We have MFA enabled. Are we still at risk?
Yes. EKZ Infostealer specifically targets session cookies in addition to stored passwords. Session cookies represent sessions where MFA has already been satisfied. An attacker who obtains a valid session cookie can authenticate to your cloud applications without needing to pass an MFA challenge. Patching EMS and resetting passwords after any confirmed infection are the appropriate responses - MFA alone doesn't address this specific threat.
How do I check what version of FortiClient EMS we're running?
Log into your FortiClient EMS console. The version number is typically displayed in the top navigation or under System - Dashboard. Compare it against the versions listed in Fortinet's PSIRT advisory FG-IR-26-049 to see if your deployment is on a patched build. If you're not sure who manages your EMS server or how to access it, your IT team or managed IT provider should be able to tell you quickly.
What if we don't use FortiClient EMS but do use FortiGate firewalls?
CVE-2026-35616 is specific to FortiClient EMS, not FortiGate firewall appliances. If your organization uses FortiGate for perimeter security but doesn't centrally manage endpoints through FortiClient EMS, this particular vulnerability doesn't apply to your environment. Keeping FortiGate firmware current is still standard practice, but this specific exploit is not a FortiGate issue.

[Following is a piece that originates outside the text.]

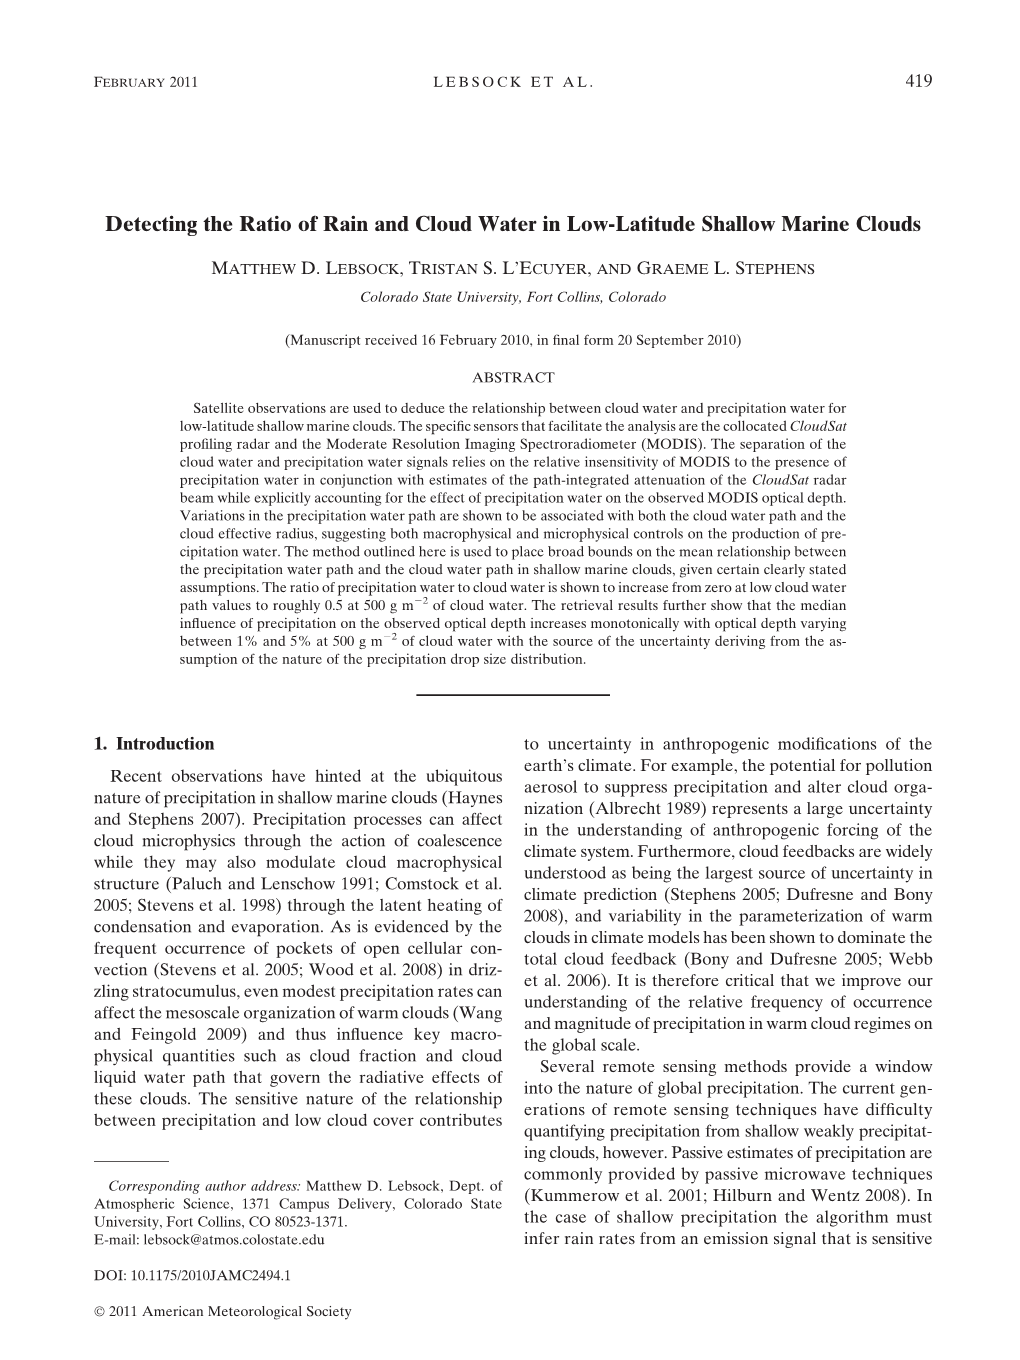 Detecting the Ratio of Rain and Cloud Water in Low-Latitude Shallow Marine Clouds

How long does patching FortiClient EMS typically take?
The actual patch application is usually 30 to 60 minutes for a straightforward upgrade, plus time for testing and validation. The harder part is often scheduling and approval, especially in environments with formal change management. Given active exploitation, this one warrants treating as an emergency patch - meaning the next available window, not the next monthly maintenance cycle.